The role of the stylist as we know it really began to change in the 1990s, argues Baker, when the stylist became terribly important. Or when the stylist became as important as the designer. Or when the stylist became the designer. “You had somebody like Tom Ford, who was a stylist, coming in to take over [at Gucci]. That kind of thing began to happen with people who possessed a fantastic fashion sense. They have something that actually relates to the way the public out there is thinking and the stuff then sells.”

And when a stylist becomes too involved, or rather a celebrity replaces a designer and the whole creative process is bastardised, Baker gets angry. She wrote this to me in an email:

“I am deeply hurt by the media obsession in what is a very creative world.

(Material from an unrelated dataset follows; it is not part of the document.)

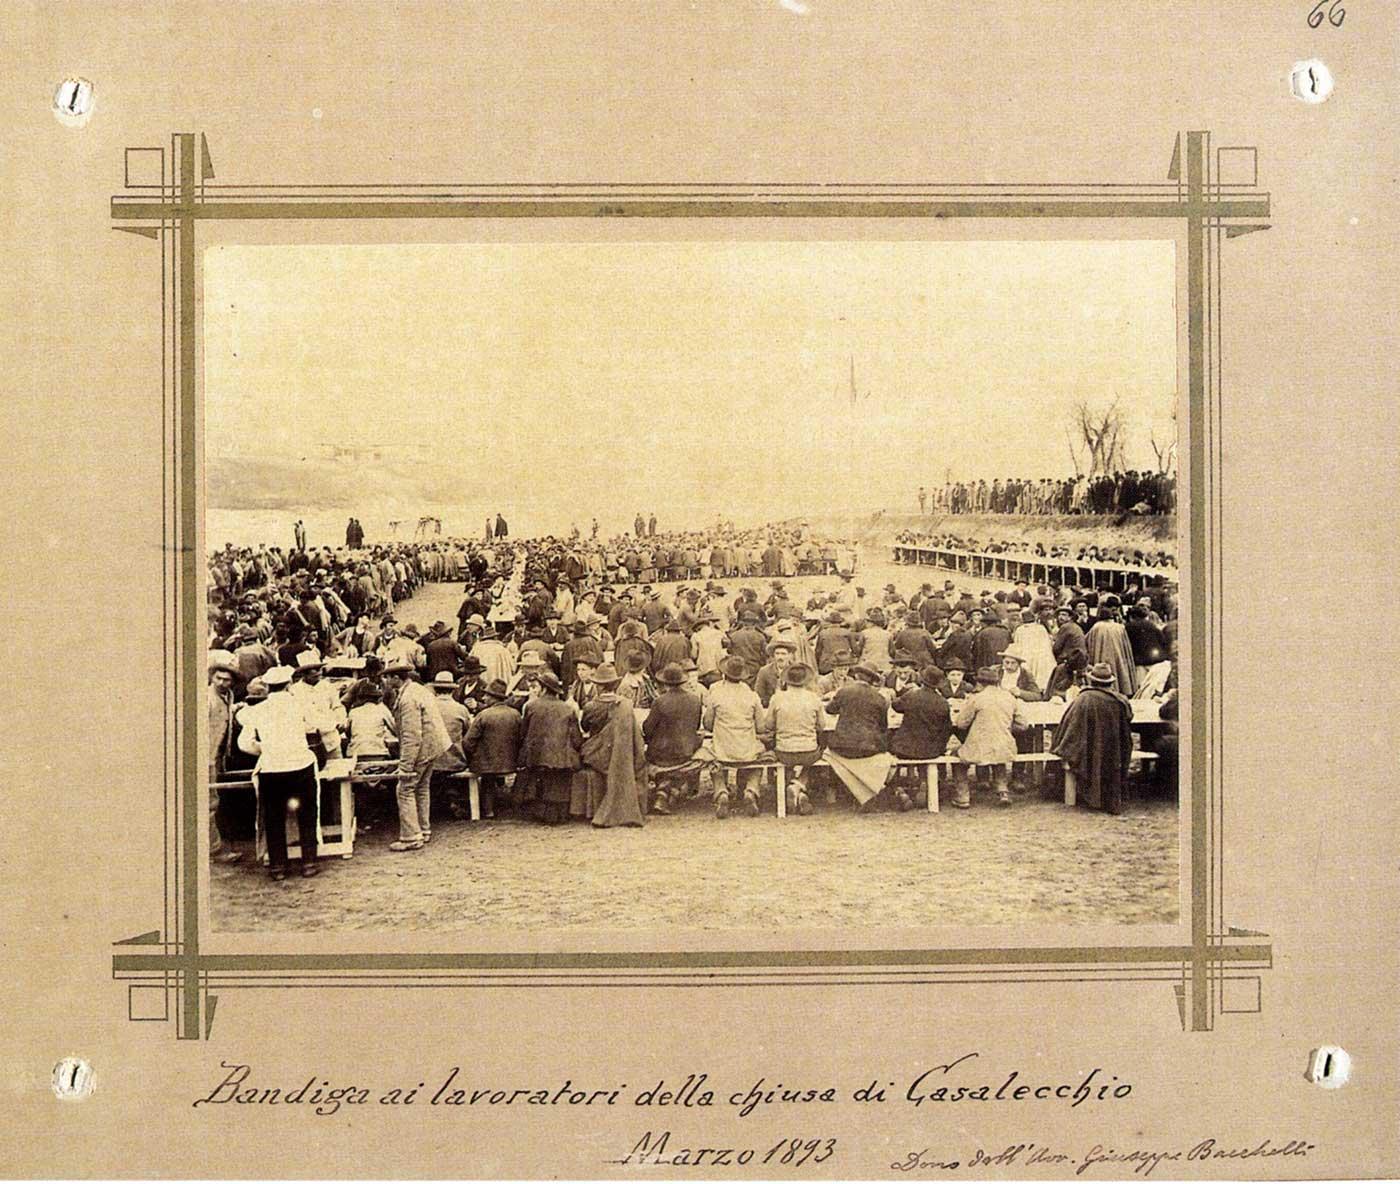 La Bandiga, il pranzo (Foto Alessandro Cassarini in Fondo Belluzzi presso il Museo del Risorgimento di Bologna)
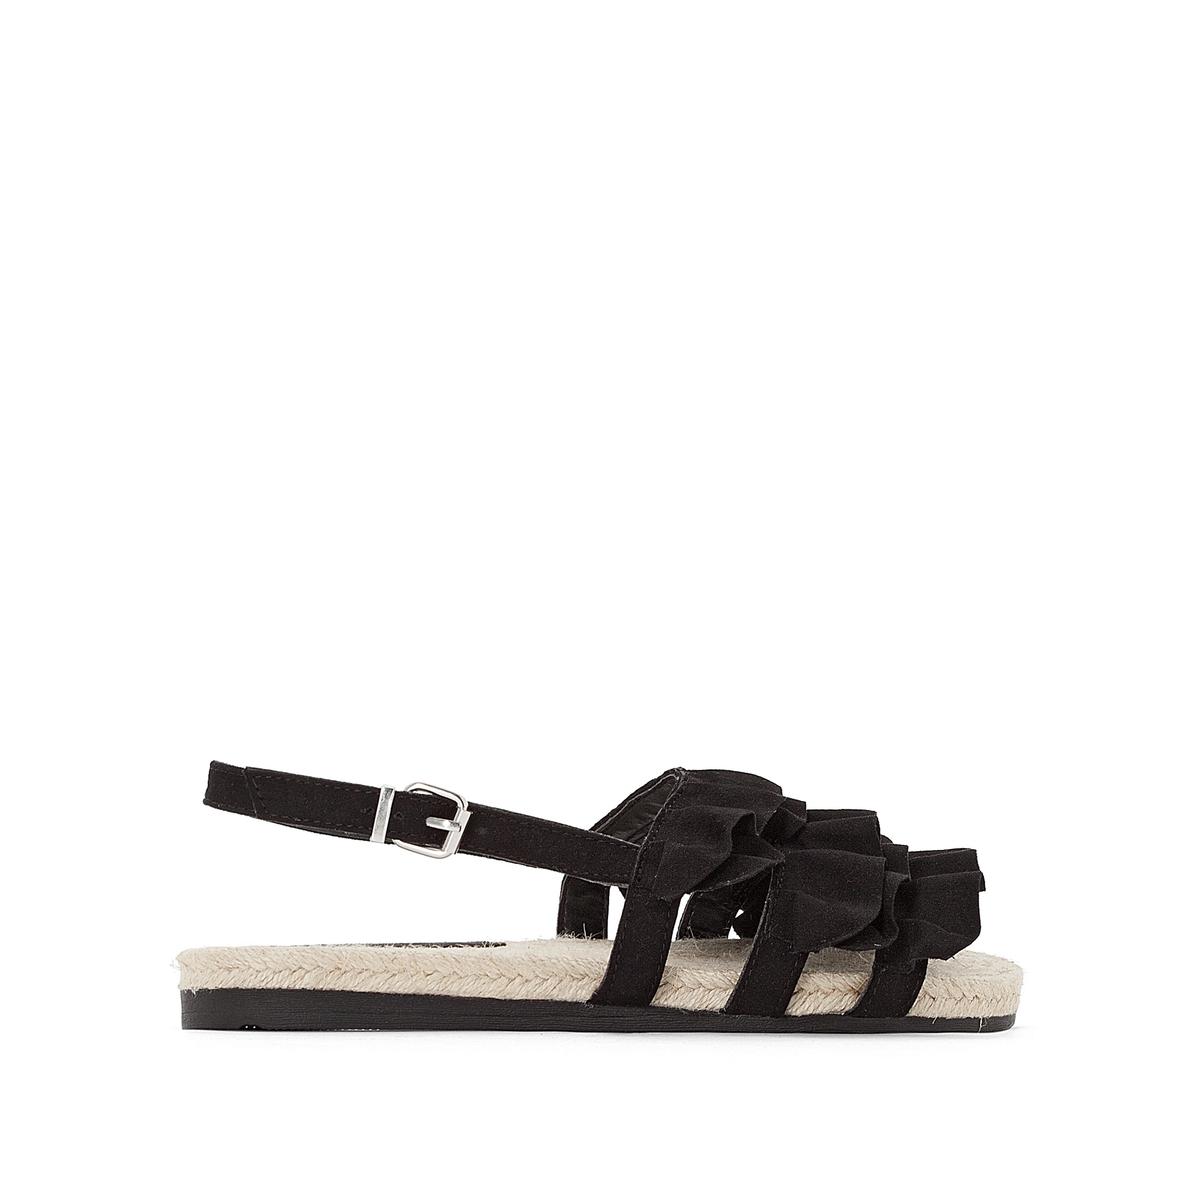 Сандалии на плоской подошве Froufrou женская обувь на плоской подошве 2015

Fashion design is an art form. Designers who make it to the top are the most creative minds working in this field, the use of cloth/pattern/shape is a skill you own as a designer and are able to use to produce clothing that inspires and changes the way we the public perceive clothing and what we want to wear and identify with. And for a celebrity to come along with a fashion collection, and the public to lap it up, is deeply upsetting, depressing and disgusting. All they do is take their favourite pieces from their wardrobe and get it copied, copied, copied. It goes with the general dumbing down of the populace.  Lemming-like, they all rush head first into this bottomless pit of stupidity and unfortunately do not expire, rather they rush after the next celeb on the horizon.”

The last word goes to our hero about the march of the working woman in the 1980s and her feelings about today’s slovenly approach to dress: “That was a huge thing, going to work. We went through that whole period where you had to dress up and you had to fit in with men to work hard, to be smart like them, wear suiting. Now things are horribly casual and people are wearing jeans to work. People actually wear flipflops to work… I think we need Dior back.”